Dan Sesungguhnya kamu (ya Muhammad Saw.) benar-benar berbudi pekerti yang luhur. (QS. Al-Qalam, 68: 4).

 Menurut pendapat Yaqub mengutip pendapatnya Ahmad Amin dalam bukunya Al-Akhlak, merumuskan pengertian akhlak sebagai berikut, “Akhlak ialah suatu ilmu yang menjelaskan arti baik dan buruk, menerangkan apa yang seharusnya dilakukan oleh setengah manusia kepada lainnya menyatakan tujuan yang harus dituju oleh manusia dalam perbuatan mereka dan menunjukkan jalan untuk melakukan apa yang harus diperbuat”. (Yaqub, 1983: 12).
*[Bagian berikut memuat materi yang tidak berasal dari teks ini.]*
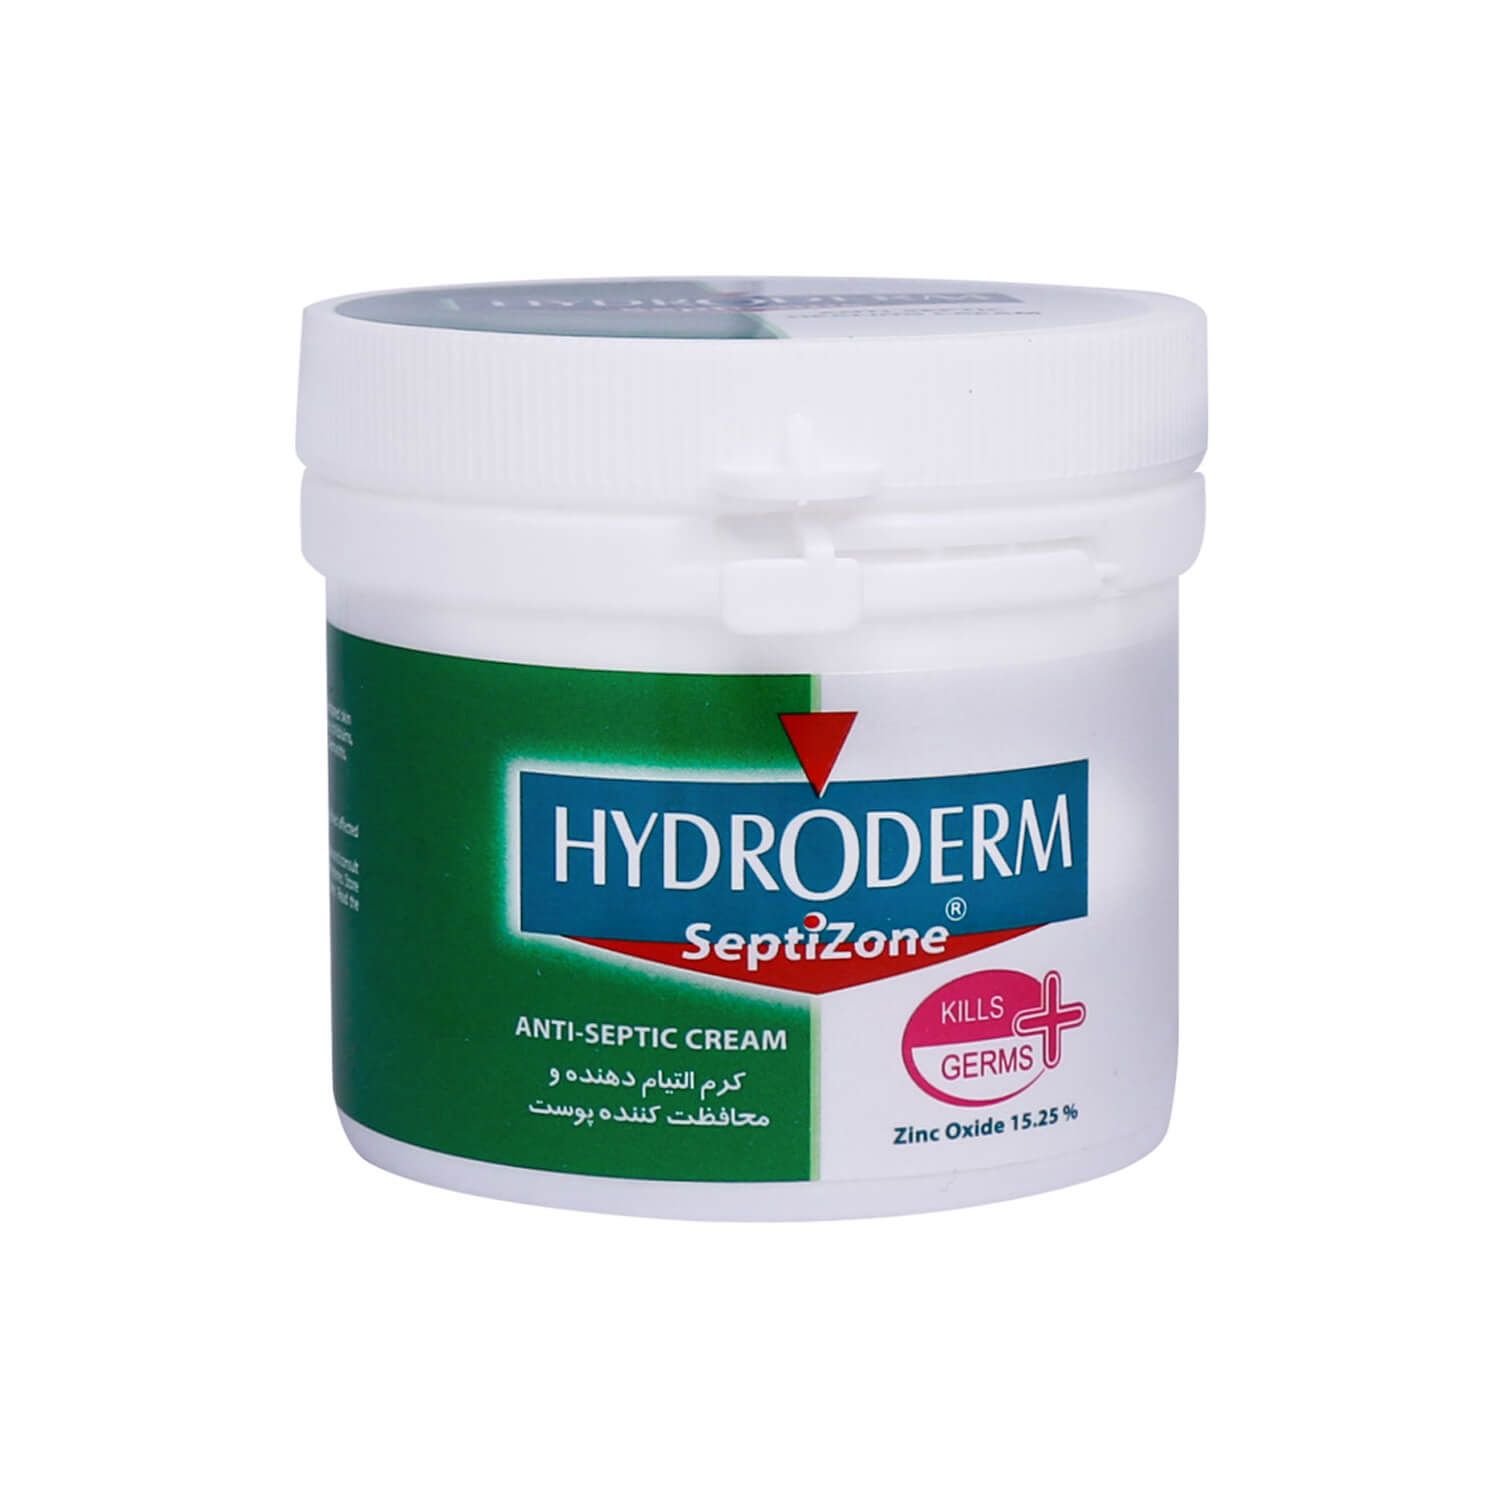 کرم التیام دهنده و محافظت کننده پوست سپتی زون هیدرودرم حجم 150 میلی لیتر
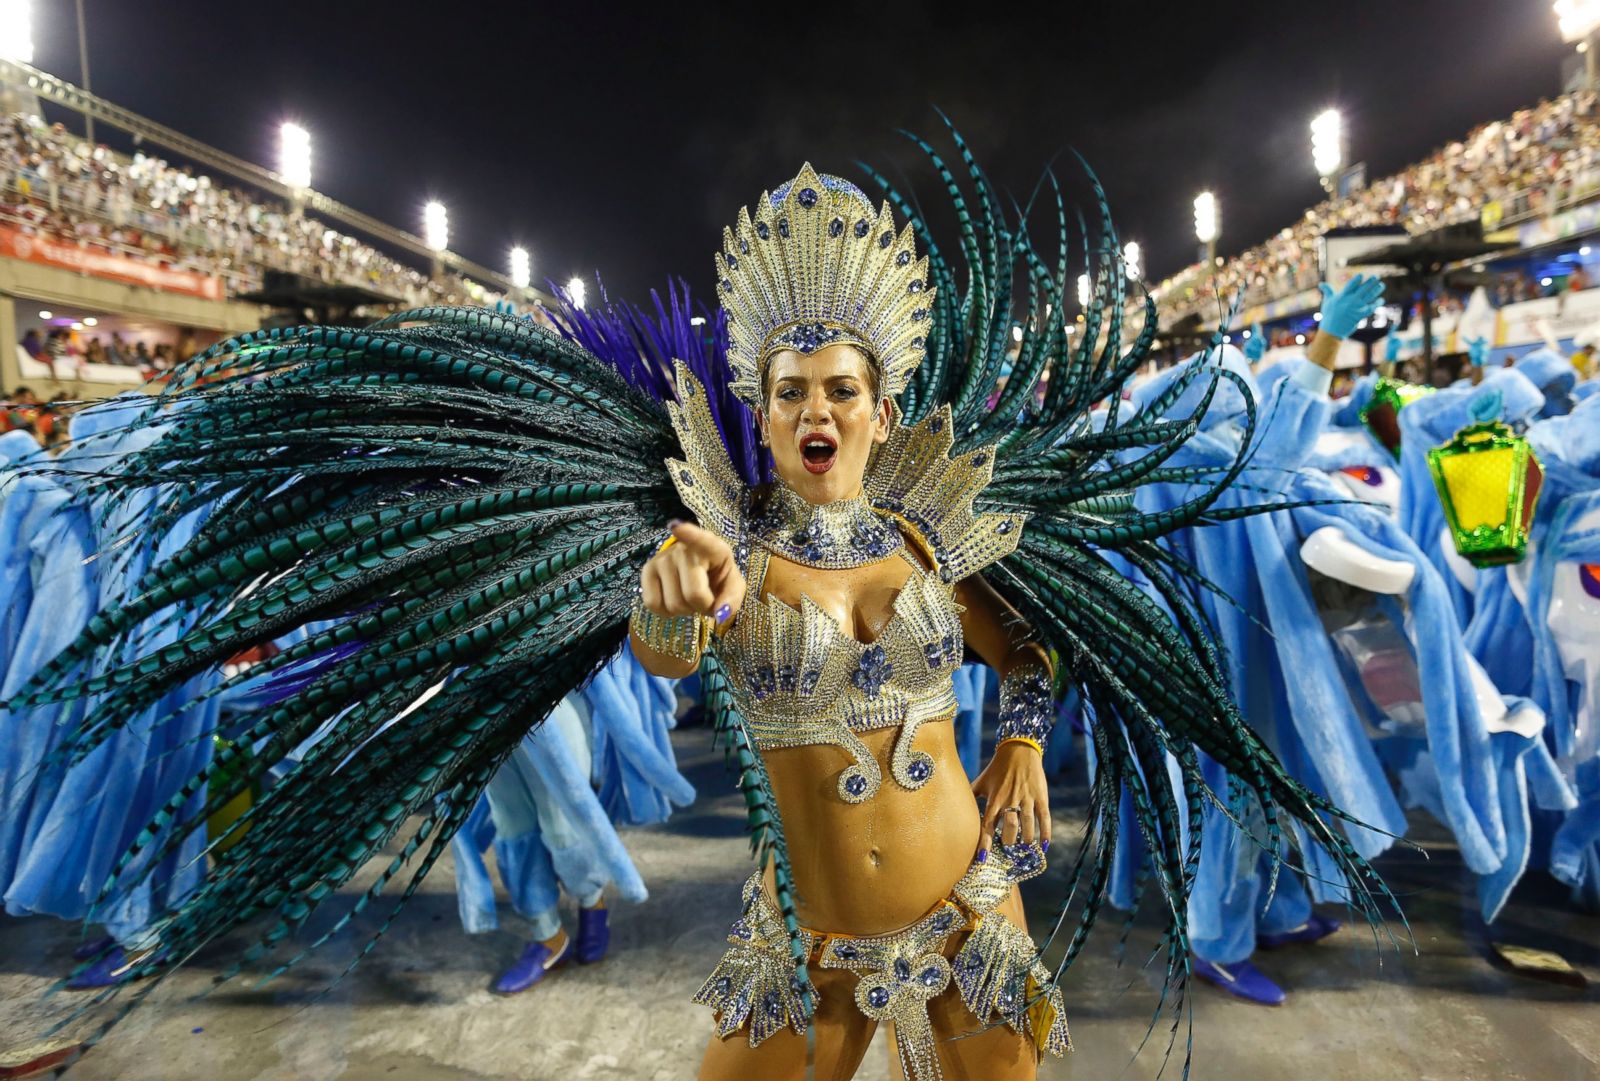 Βραζιλία: Βασίλισσα του Καρναβαλιού «χάνει» το εσώρουχό της αλλά συνεχίζει απτόητη! (βίντεο)

Menurut Imam Al-Ghazali dalam kitabnya Ihya Ulumuddin,

akhlak itu ialah kebiasaan jiwa yang tetap yang terdapat dalam diri manusia, karenanya perilaku yang bersifat refleks dan timbul tanpa berpikir terlebih dahulu itulah yang disebut akhlak. Apabila lahir tingkah laku yang indah dan terpuji maka dinamakan akhlak yang baik, dan apabila yang lahir itu tingkah laku yang keji, dinamakanlah akhlak yang buruk”. (Yaqub, 1983: 92).

 

Pada kenyataan di lapangan usaha-usaha pembinaan akhlak melalui berbagai lembaga pendidikan dan mulai dari berbagai macam metode terus dikembangkan. Ini menunjukan bahwa akhlak memang perlu dibina dan pembinaan ini ternyata membawa hasil berupa terbentuknya pribadi-pribadi muslim yang berakhlak mulia, taat kepada Allah Swt. dan Rasul-Nya, hormat kepada ibu-bapaknya dan bermanfaat bagi lingkungan di mana ia berada.

Berkat para pembaharu tokoh-tokoh lama Indonesia yang mengembangkan pendidikan akhlak hingga sampai sekarang. Maka dari itu kita patut bersyukur dengan kehadiran mereka, akhlak masyarakat muslim semakin membaik, apalagi dengan kehadiran para tokoh-tokoh pembaharu Islam di Indonesia yang kian terus berjuang untuk memperbaiki akhlak pada masyarakat waktu itu.

 Saat agama Islam masih menjadi minoritas di Indonesia, akhlak masyarakat pada waktu itu sangatlah buruk, mereka yang belum memeluk agama Islam biasanya terjebak dalam kegiatan yang sia-sia ditambah lagi diantara mereka ada yang menyembah pohon, patung, bahkan ada yang menyembah Tuhannya dengan cara pesugihan atau pertumbalan, sehingga para tokoh-tokoh pembaharu dalam Islam bergerak demi memberantas penyimpangan akhlak di masyarakat.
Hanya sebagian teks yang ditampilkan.